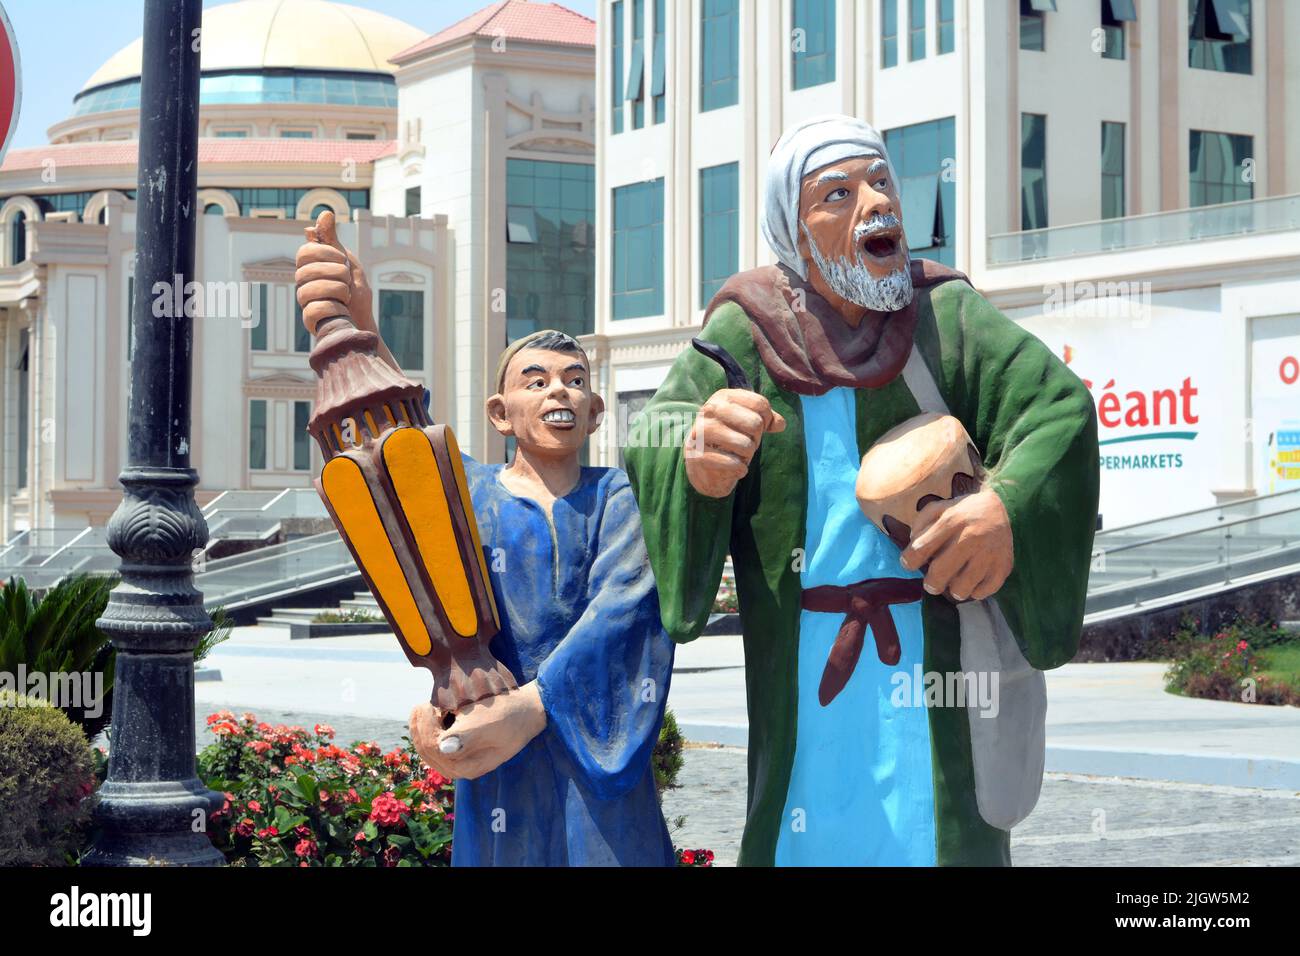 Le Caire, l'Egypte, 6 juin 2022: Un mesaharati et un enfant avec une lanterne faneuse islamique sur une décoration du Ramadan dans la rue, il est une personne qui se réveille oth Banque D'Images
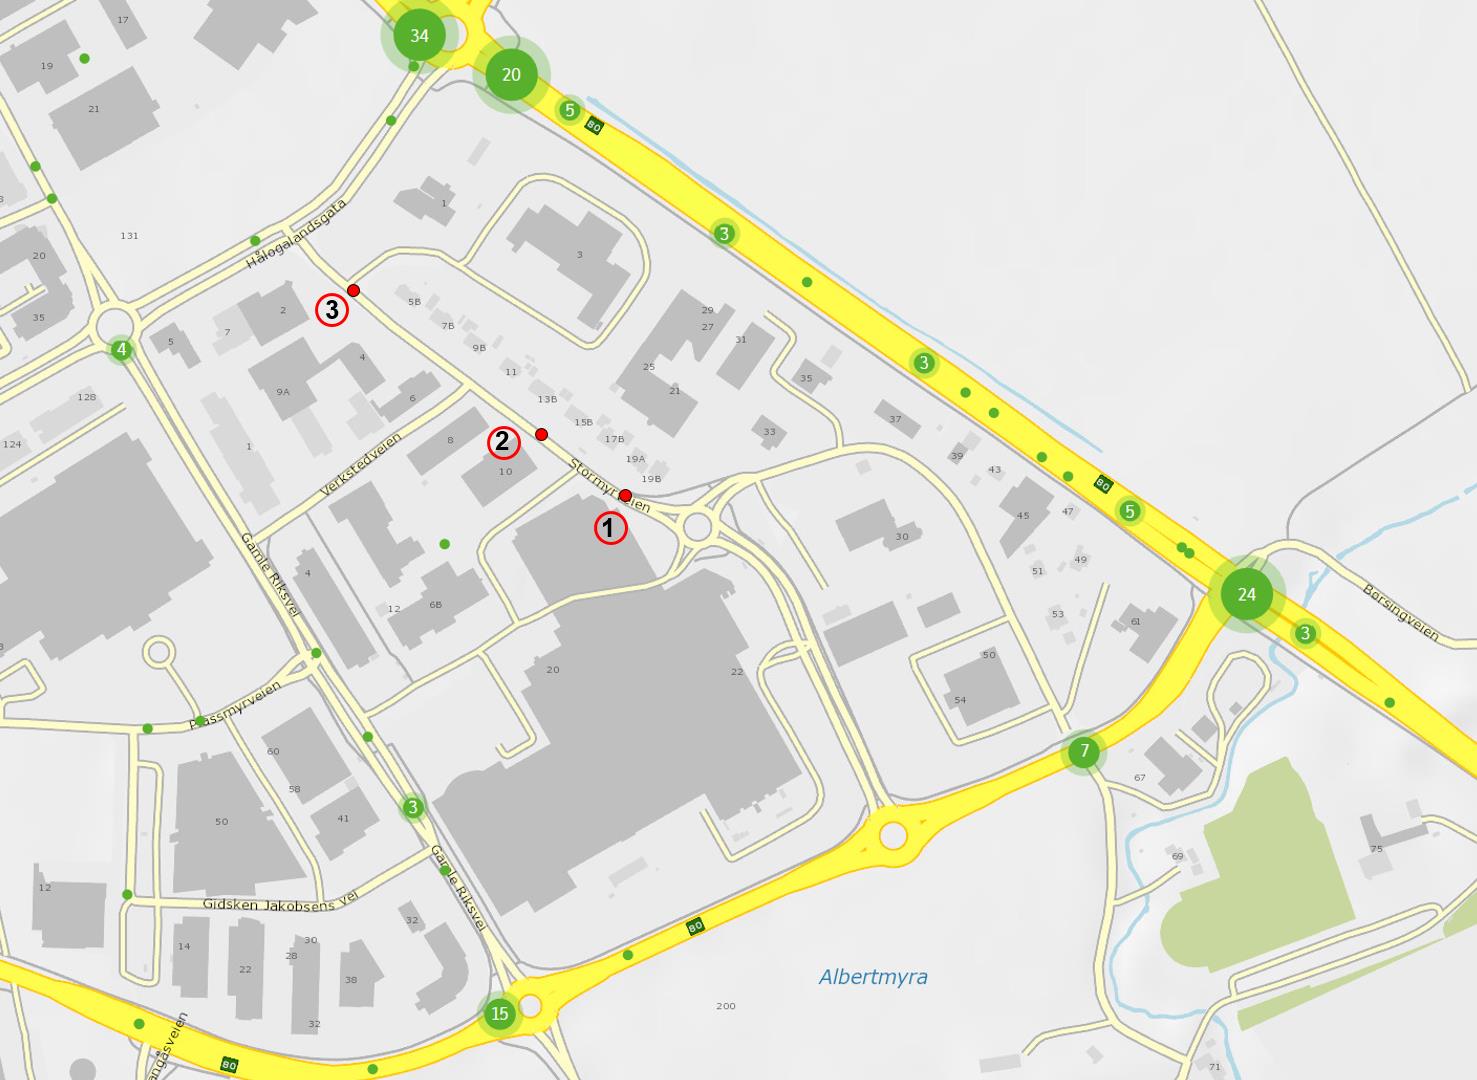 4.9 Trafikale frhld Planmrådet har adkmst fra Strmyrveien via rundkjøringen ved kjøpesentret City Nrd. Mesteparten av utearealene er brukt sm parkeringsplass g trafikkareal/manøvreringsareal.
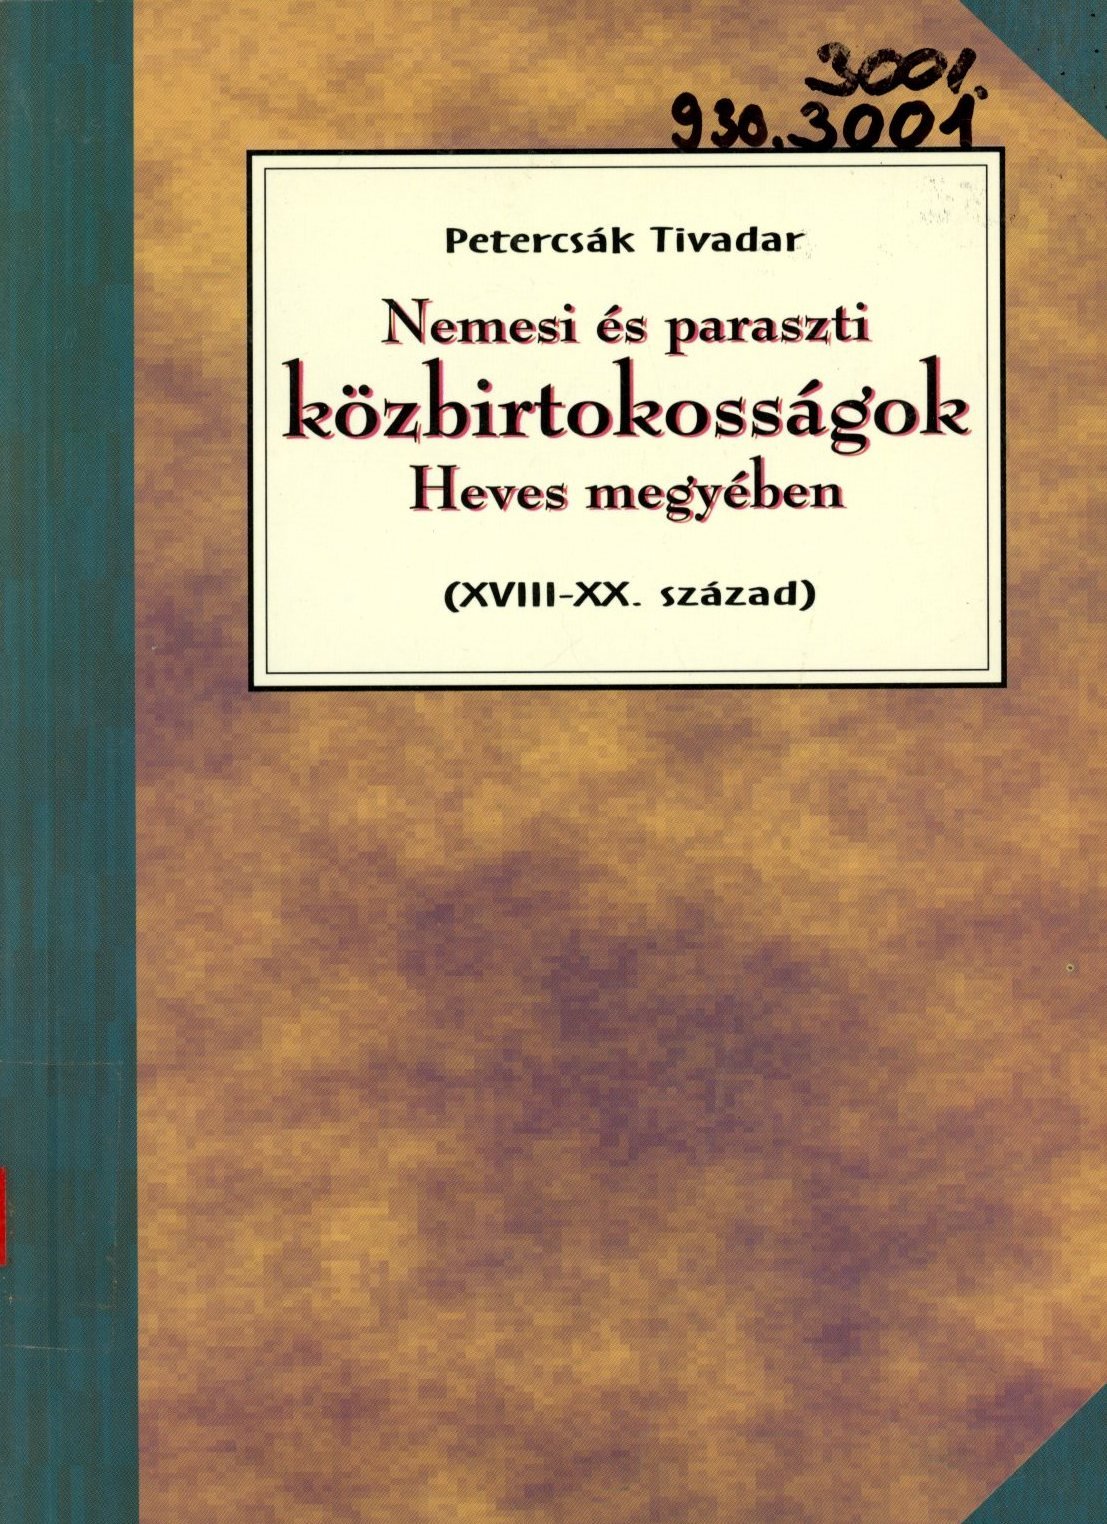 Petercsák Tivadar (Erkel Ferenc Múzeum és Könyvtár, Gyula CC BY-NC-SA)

### Assigned task
Give the data again word for word, without pictures.

### Exercise result
 Le Caire, l'Egypte, 6 juin 2022: Un mesaharati et un enfant avec une lanterne faneuse islamique sur une décoration du Ramadan dans la rue, il est une personne qui se réveille oth Banque D'Images
 4.9 Trafikale frhld Planmrådet har adkmst fra Strmyrveien via rundkjøringen ved kjøpesentret City Nrd. Mesteparten av utearealene er brukt sm parkeringsplass g trafikkareal/manøvreringsareal.
 Petercsák Tivadar (Erkel Ferenc Múzeum és Könyvtár, Gyula CC BY-NC-SA)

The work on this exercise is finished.